Читать книгу Materials for Biomedical Engineering - Mohamed N. Rahaman - Страница 61

Covalent‐bonded ceramics are characterized by intrinsic properties similar in nature to those described for ionic‐bonded ceramics (Section 2.6) but as the covalent bond can be stronger than the ionic bond, many covalent‐bonded ceramics have better mechanical properties, such as strength, elastic modulus and hardness, and a higher melting point.

Covalent bonding appears in diamond, a crystalline form of carbon, often regarded as a prototypical example of covalent‐bonded ceramics. The atoms bonded to a given atom point to the corners of tetrahedron due to sp³ hybridization of the electron orbitals of the carbon atoms, giving a directional form of bonding (Chapter 3). Covalent bonding is the dominant type of bonding in many other ceramics, including carbides such as silicon carbide (SiC), and nitrides such as silicon nitride (Si₃N₄), and in the network structure of glasses (Chapter 3). It contributes to the bonding in some oxides such as Al₂O₃ and high melting point metals such as tungsten and tantalum.
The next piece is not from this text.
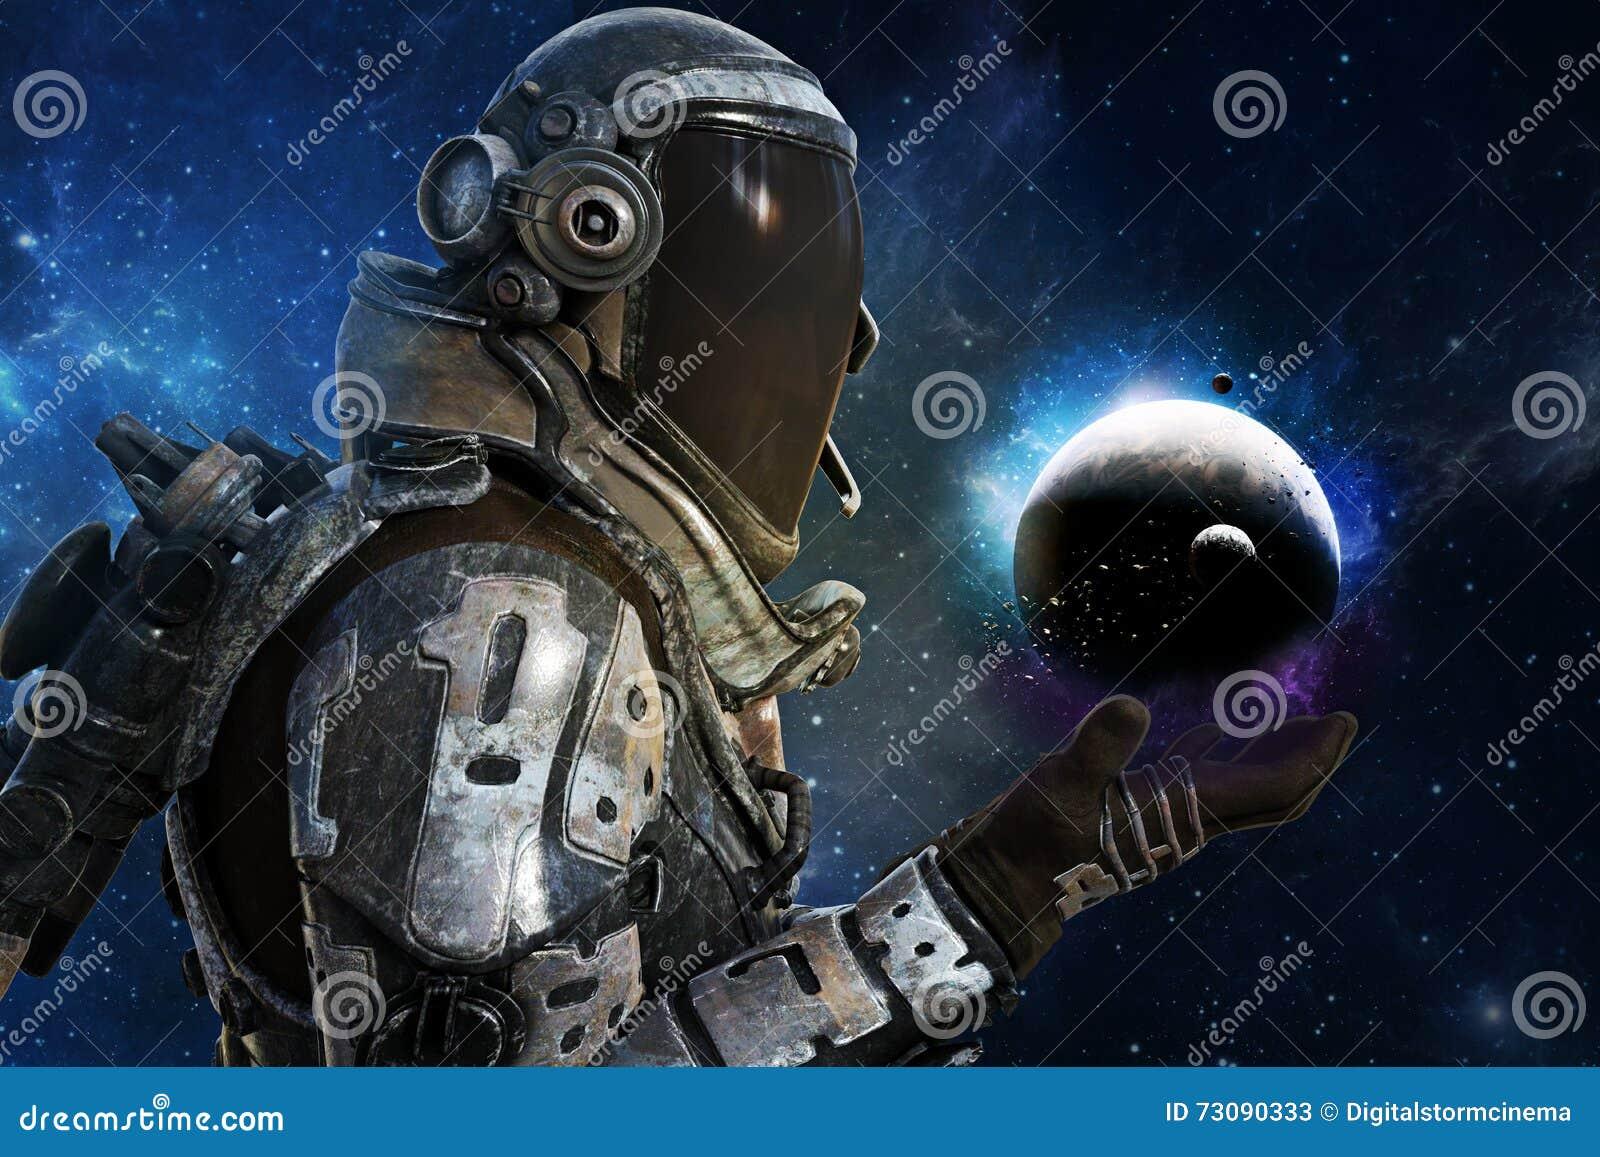 Exploration, A futuristic astronauts of the galaxy concept

Covalent‐bonded ceramics find some use as biomaterials. Examples include silicon nitride used as implants in spinal repair, a few nondegradable glasses in some medical devices and a few bioactive glasses used in healing bone defects and skin wounds (Chapter 7). Carbon materials such as diamond and graphite are often classified as ceramics but their properties are more relevant to industrial applications (Chapter 3). Pyrolytic carbon is an important material in the manufacture of heart valves whereas diamond‐like carbon (DLC) has been investigated as coatings for articulating bearings in hip and knee implants. More recently discovered allotropes of carbon such as fullerenes, carbon nanotubes, and graphene, have been the subject of an enormous amount of investigations for use in technological applications and are now receiving considerable interest for potential biomedical applications.